Some states with Dermagraft Medicaid-related claims might elect to opt out of any final settlement, and those states'
claims would remain unresolved. Material issues remain open and subject to further negotiation and approval by
Shire, the DOJ and other relevant federal and state agencies before the tentative settlement can be finalized.
Board Changes
On June 3, 2016, Shire announced that the appointment of Gail D. Fosler and Albert P.L. Stroucken to the Shire
Board of Directors, as previously announced on April 18, 2016, is effective.
Dividend

In respect of the six months ended June 30, 2016, the Board resolved to pay an interim dividend of 4.63 U.S. cents
per Ordinary Share (2015: 4.21 U.S. cents per Ordinary Share).
Dividend payments will be made in Pounds Sterling to holders of Ordinary Shares and in U.S. Dollars to holders of
ADSs. A dividend of 3.51(1) pence per Ordinary Share (an increase of 30% compared to 2015: 2.69 pence) and
13.89 U.S. cents per ADS (an increase of 10% compared to 2015: 12.63 U.S. cents) will be paid on October 7, 2016
to shareholders on the register as at the close of business on September 9, 2016.
Genetic Diseases
Genetic Diseases product sales in Q2 2016 increased 16% (up 17% on a Non GAAP CER basis) compared to
Q2 2015.
The increase was primarily driven by increased demand for our Hereditary Angioedema therapies, CINRYZE
and FIRAZYR, which were up 25% and 31%, respectively, in Q2 2016 compared to Q2 2015. Both products
benefitted from strong growth in the number of patients on therapy, higher utilization per patient in Q2 2016
and the impact of pricing actions taken since Q2 2015.
Neuroscience
Neuroscience product sales increased 23% in Q2 2016 compared to Q2 2015 with growth primarily driven by
VYVANSE.
1 September 2016 Europe - United Kingdom Pharmaceuticals

VYVANSE sales increased 22% due to year-over-year prescription growth in the U.S., the benefit of price
increases taken since Q2 2015 and, to a lesser extent, growth in our international markets.

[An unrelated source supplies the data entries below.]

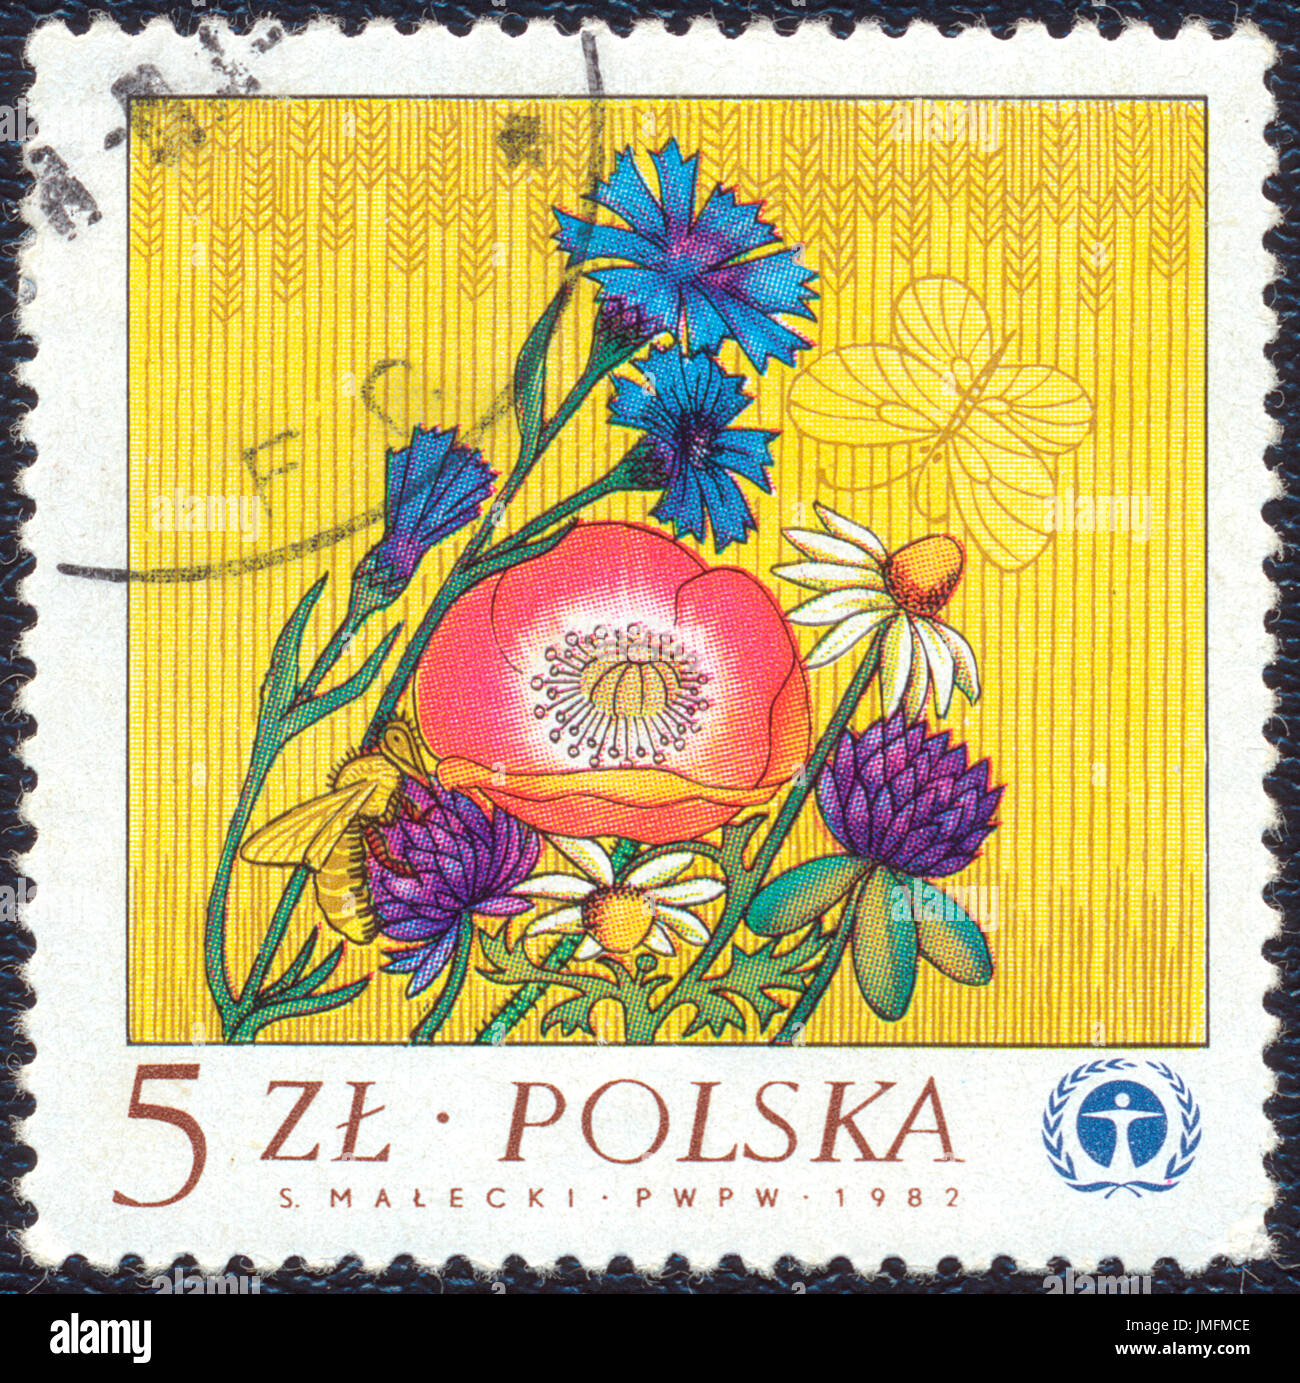 Polonia - 1982: francobollo stampato in Polonia mostra fiori diversi. Timbro stampato dal polacco Post circa 1982 Foto Stock
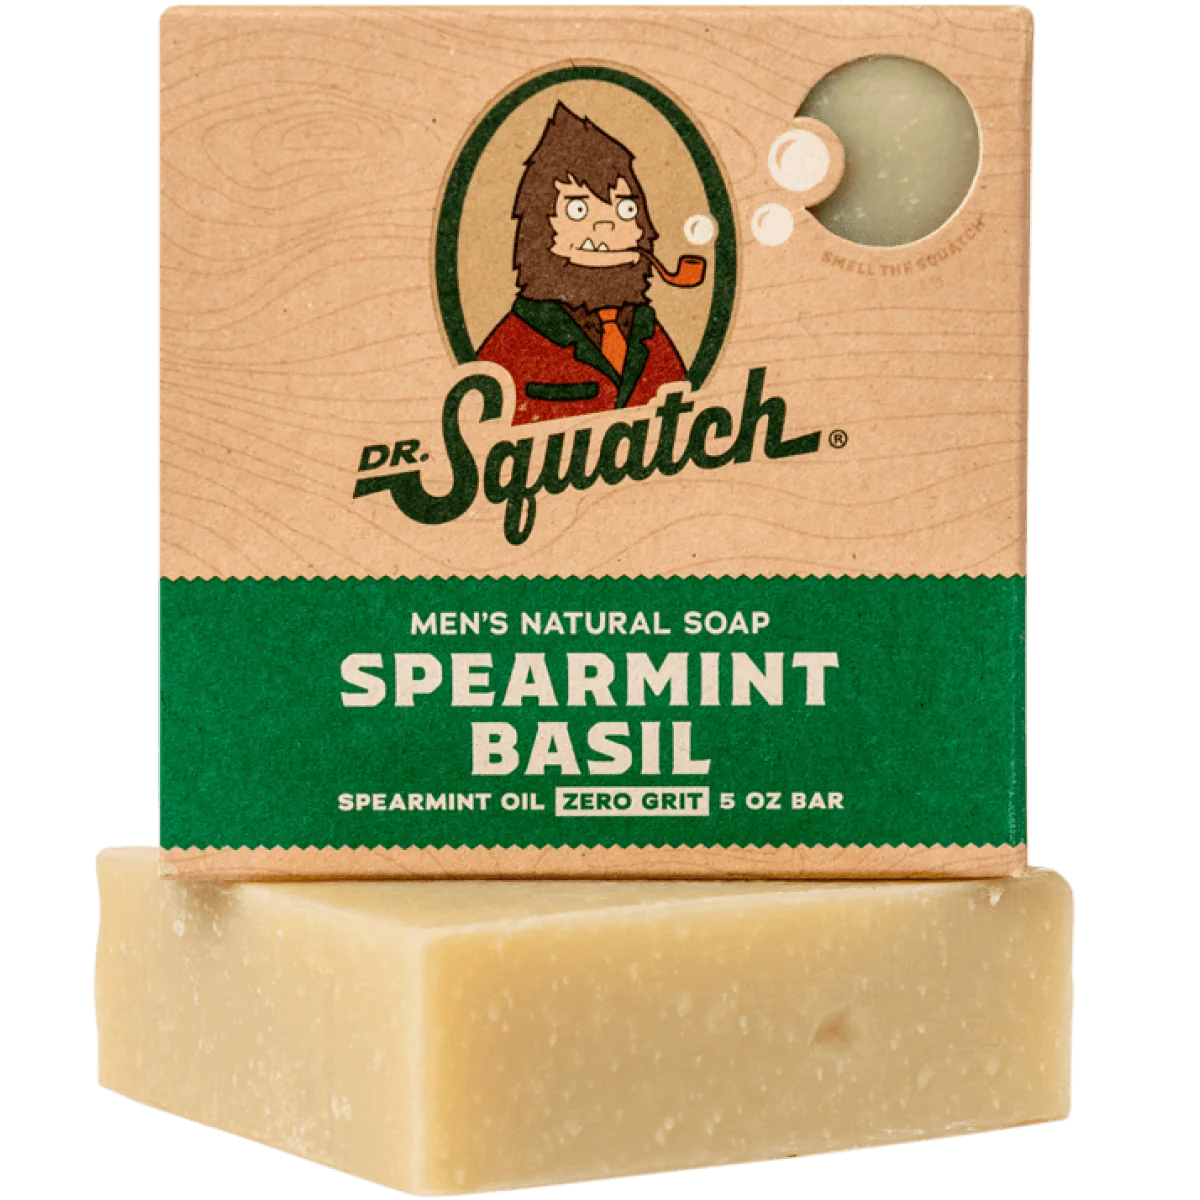 Men's Natural Soap - Spearmint Brasil
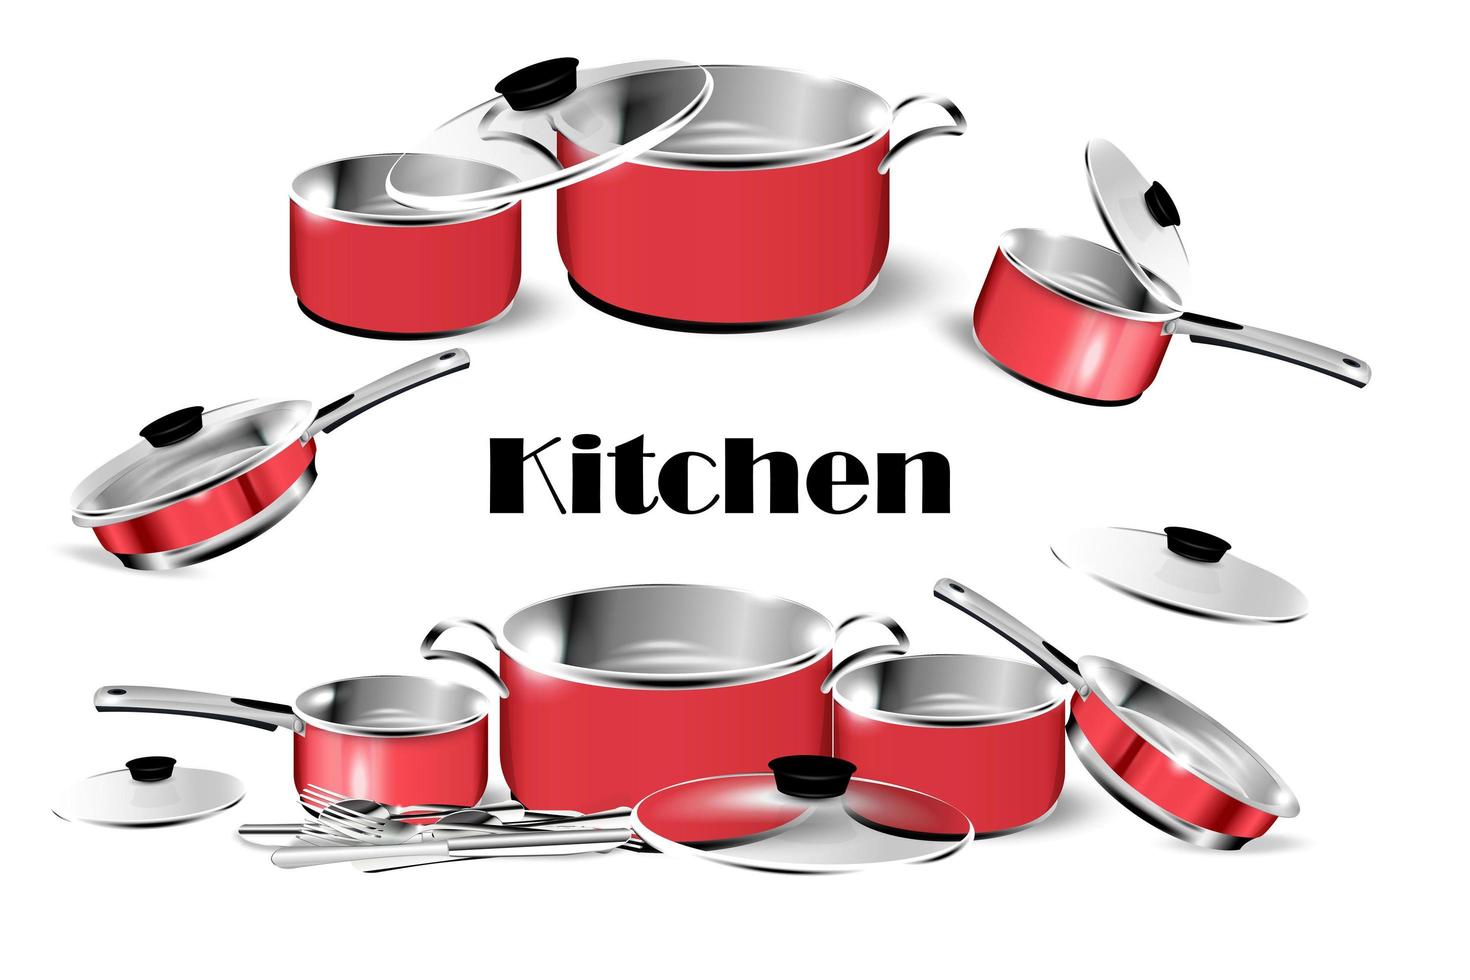 realistische rote Gerichte. Stahlkochtöpfe mit Umhang, Metalltopf und Pfanne, isoliertes Kochgeschirr. Vektorbild 3d Chrom Bratpfanne und Küchenutensilien vektor

ADDERALL XR sales increased 18% due to increased prescription demand and lower sales deductions as a
percentage of product sales in Q2 2016 compared to Q2 2015; partially offset by destocking in Q2 2016 versus
stocking in Q2 2015.
Internal Medicine
Internal Medicine product sales were up 19%, primarily due to continued growth in our gastro-intestinal products.
LIALDA/MEZAVANT sales were up 23% due to an 11% increase in prescription demand, resulting in a market share
of 39% at the end of Q2 2016, the impact of a price increase taken since Q2 2015, and to a lesser extent, the impact
of stocking in Q2 2016 versus destocking in Q2 2015.

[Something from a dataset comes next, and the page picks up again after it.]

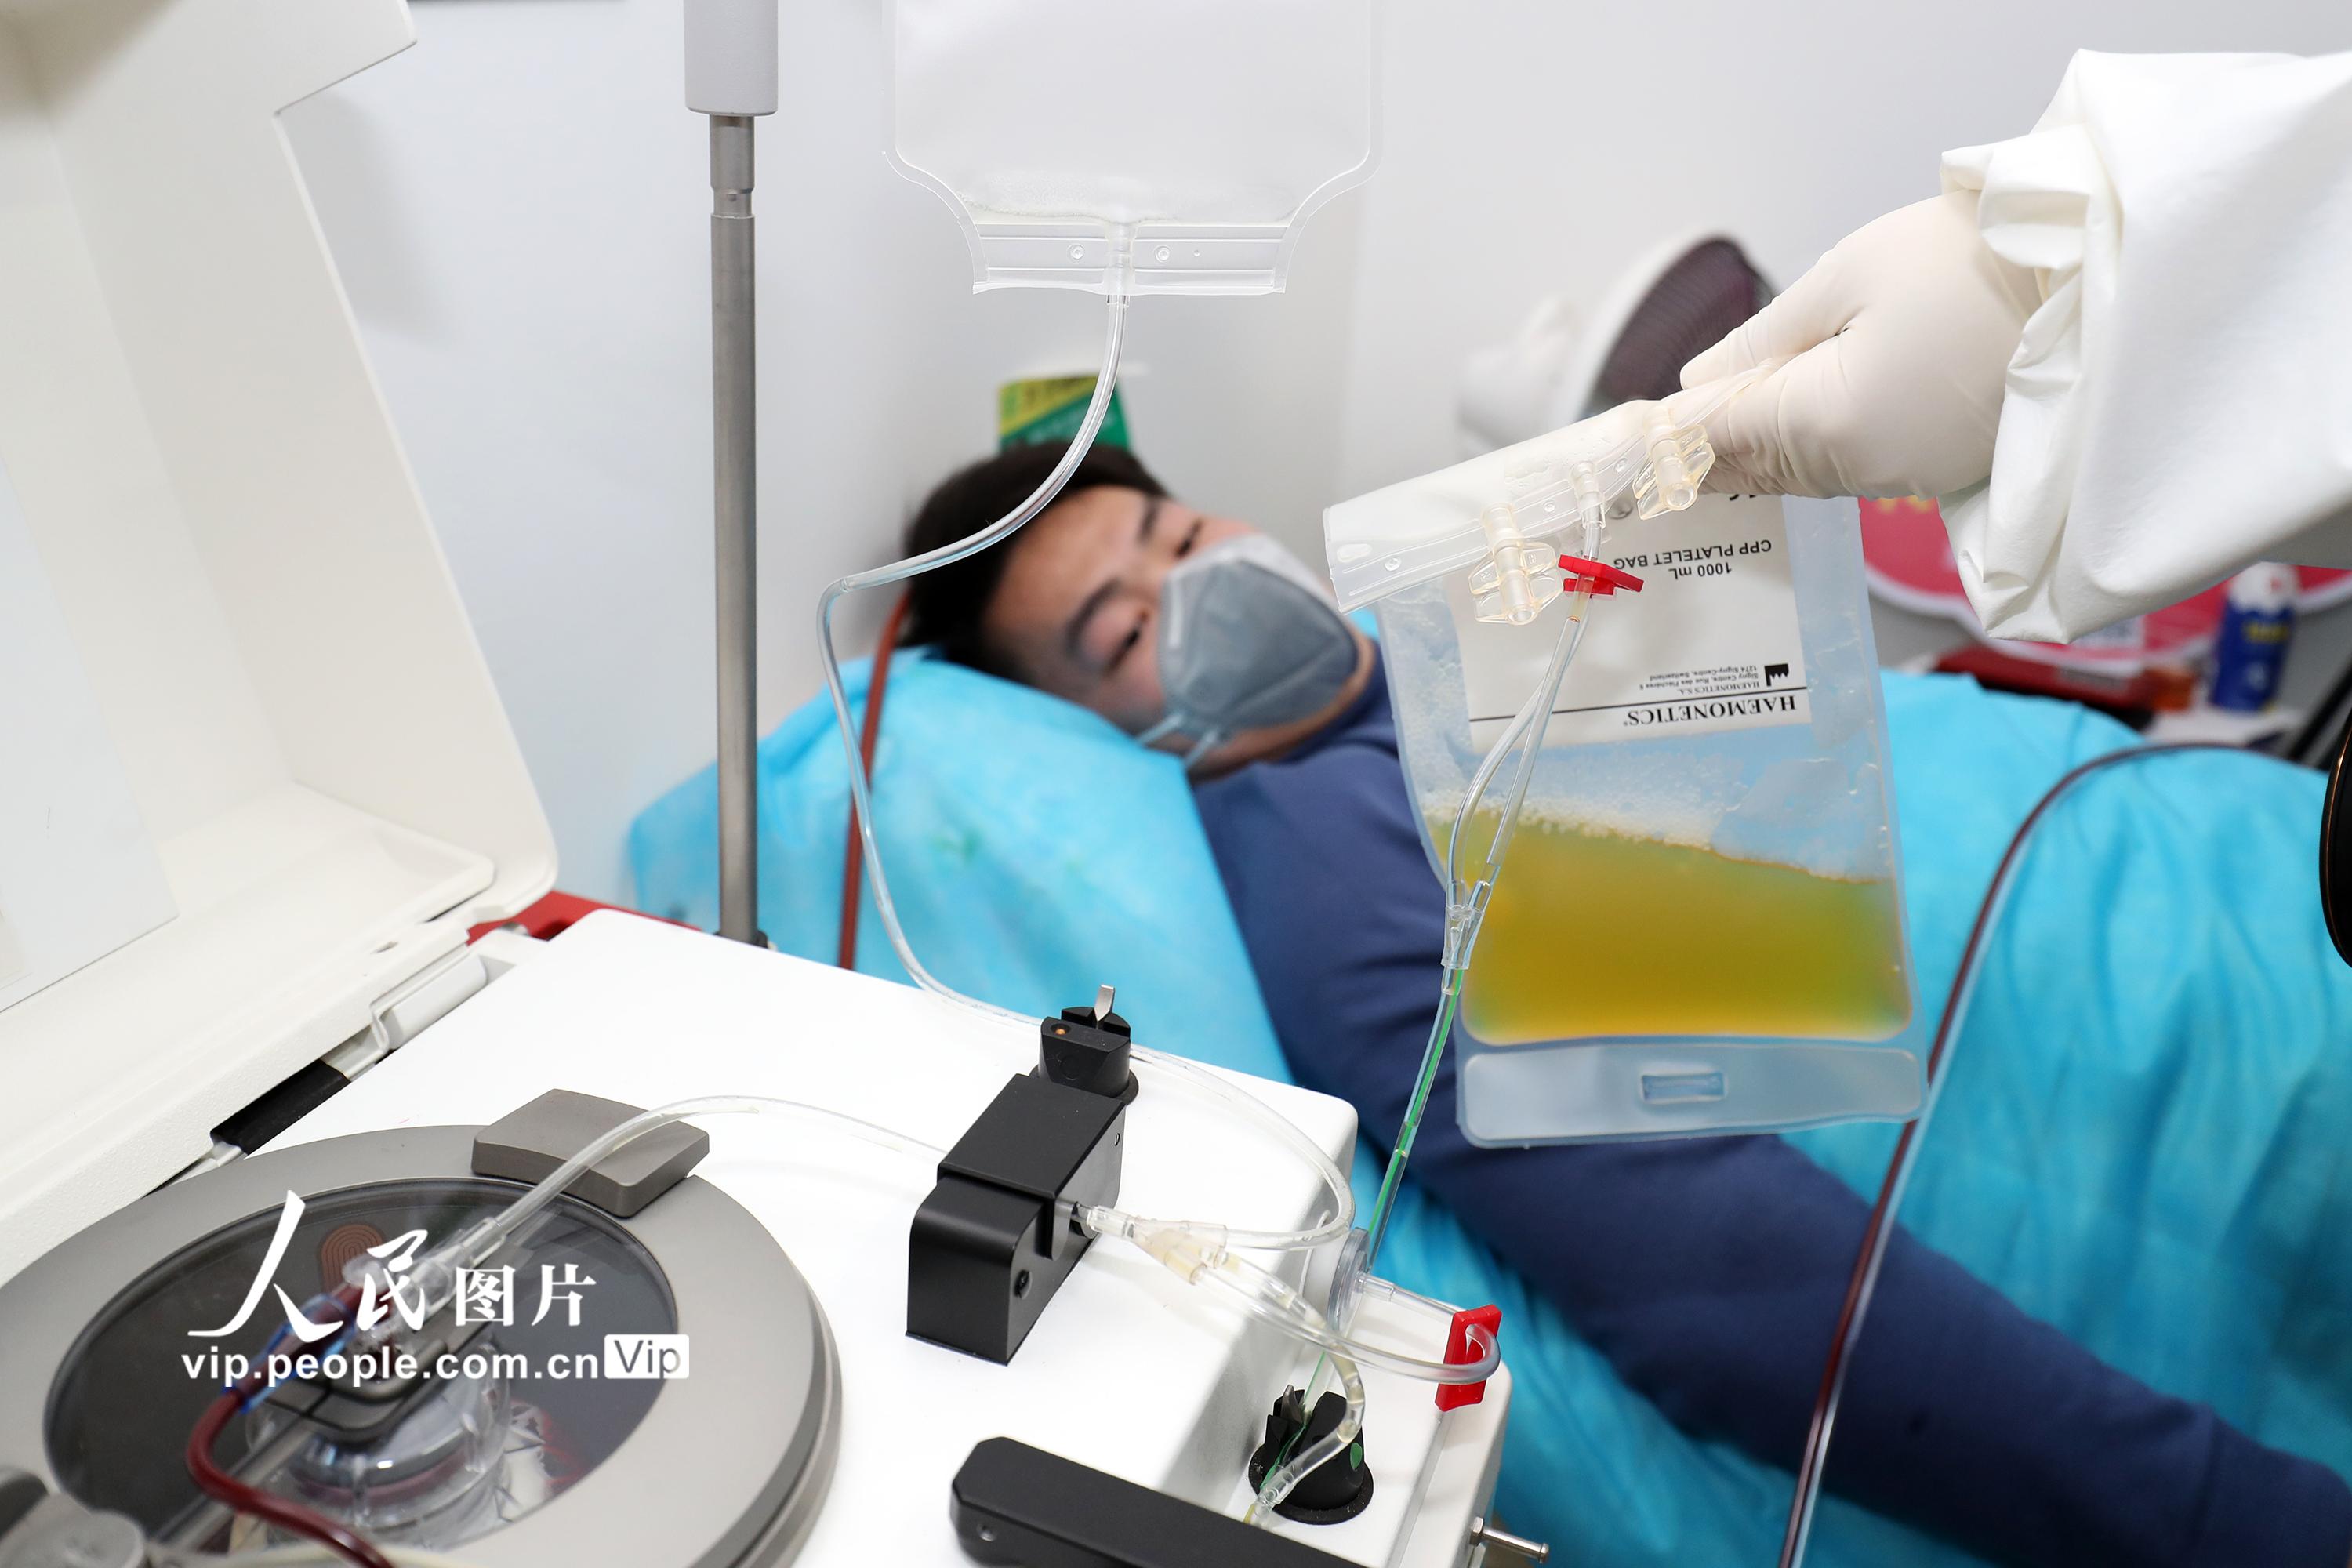 湖南衡陽首批新冠肺炎康復者捐獻帶抗體血漿

GATTEX/REVESTIVE and NATPARA, which were acquired with NPS Pharmaceuticals, Inc. ("NPS") in Q1 2015,
continued to perform well with sales up 19% and 237%, respectively. GATTEX/REVESTIVE sales were up due to an
increase in the number of patients on therapy, partially offset by Q2 2016 destocking. NATPARA was launched in
April 2015.
Hematology
The Hematology franchise was acquired with Baxalta in June 2016 and includes sales of recombinant and plasma-
derived hemophilia products (primarily factor VIII and factor IX) and inhibitor therapies. Reported product sales in Q2
2016 were $350 million for the one-month period post-acquisition and represent 24 percentage points of Shire's
reported product sales growth.
Immunology
The Immunology franchise was acquired with Baxalta in June 2016 and includes sales of the company's antibody-
replacement immunoglobulin and bio therapeutics therapies. Reported product sales in Q2 2016 were $190 million
for the one-month period post-acquisition and represent 13 percentage points of Shire's reported product sales
growth.
Oncology
The Oncology franchise was acquired with Baxalta in June 2016 and represents 1 percentage point of Shire's
reported product sales growth. Product sales relate to ONCASPAR which was acquired by Baxalta in July 2015.

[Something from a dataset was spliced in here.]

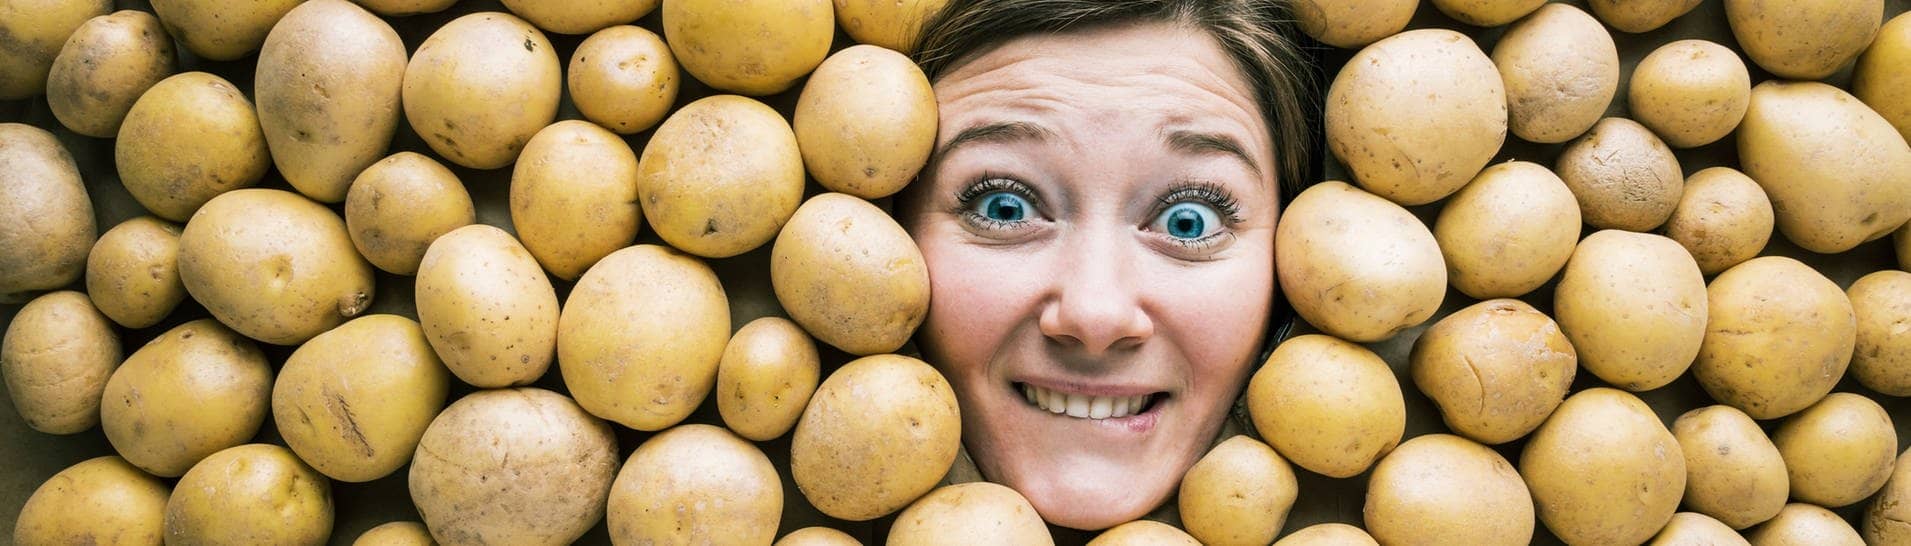 Gesicht einer Frau in einer Fläche aus Kartoffeln

Integration and acquisition costs

In Q2 2016, Shire recorded integration and acquisition costs of $363 million, integration and acquisition costs related
to the Baxalta and Dyax transactions were $417 million, and were partially offset by a net credit of $58 million for the
change in fair value of contingent consideration liabilities.
In Q2 2015, Shire recorded a net credit for integration and acquisition costs of $212 million, which comprised
integration and acquisition costs primarily related to NPS of $46 million and a net credit of $258 million for the change
in fair value of contingent consideration liabilities primarily relating to SHP625 and SHP608.
Amortization of acquired intangible assets
In Q2 2016, Shire recorded amortization of acquired intangible assets of $213 million (Q2 2015: $131 million). The
increase primarily relates to amortization on the intangible assets acquired with the Baxalta and Dyax transactions.
1 September 2016 Europe - United Kingdom Pharmaceuticals

Reorganization costs
In Q2 2016, Shire recorded reorganization costs of $11 million, primarily related to the planned closure of the
Basingstoke, U.K. office and the relocation of roles from Pennsylvania to Massachusetts. In Q2 2015, Shire recorded
reorganization costs of $13 million, primarily related to the relocation of roles from Pennsylvania to Massachusetts.
US GAAP Other expense, net increased $67 million, primarily due to higher interest expense and amortization of
one-time borrowing costs incurred on borrowings used to fund the Baxalta and Dyax transactions.
Non GAAP Other expense, net increased $37 million, primarily due to higher interest expense as noted above.
Taxation
The effective tax rate on US GAAP income in Q2 2016 was -427% (Q2 2015: -37%) and on a Non GAAP basis was
16% (Q2 2015: 13%).
The effective tax rate in Q2 2016 on US GAAP income from continuing operations of -427% is negative, primarily due
to the combined impact of the relative quantum of the profit before tax for the period by jurisdiction and the reversal of
deferred tax liabilities from the Baxalta acquisition, including in higher tax territories, inventory and intangible assets
amortization as well as significant acquisition and integration costs.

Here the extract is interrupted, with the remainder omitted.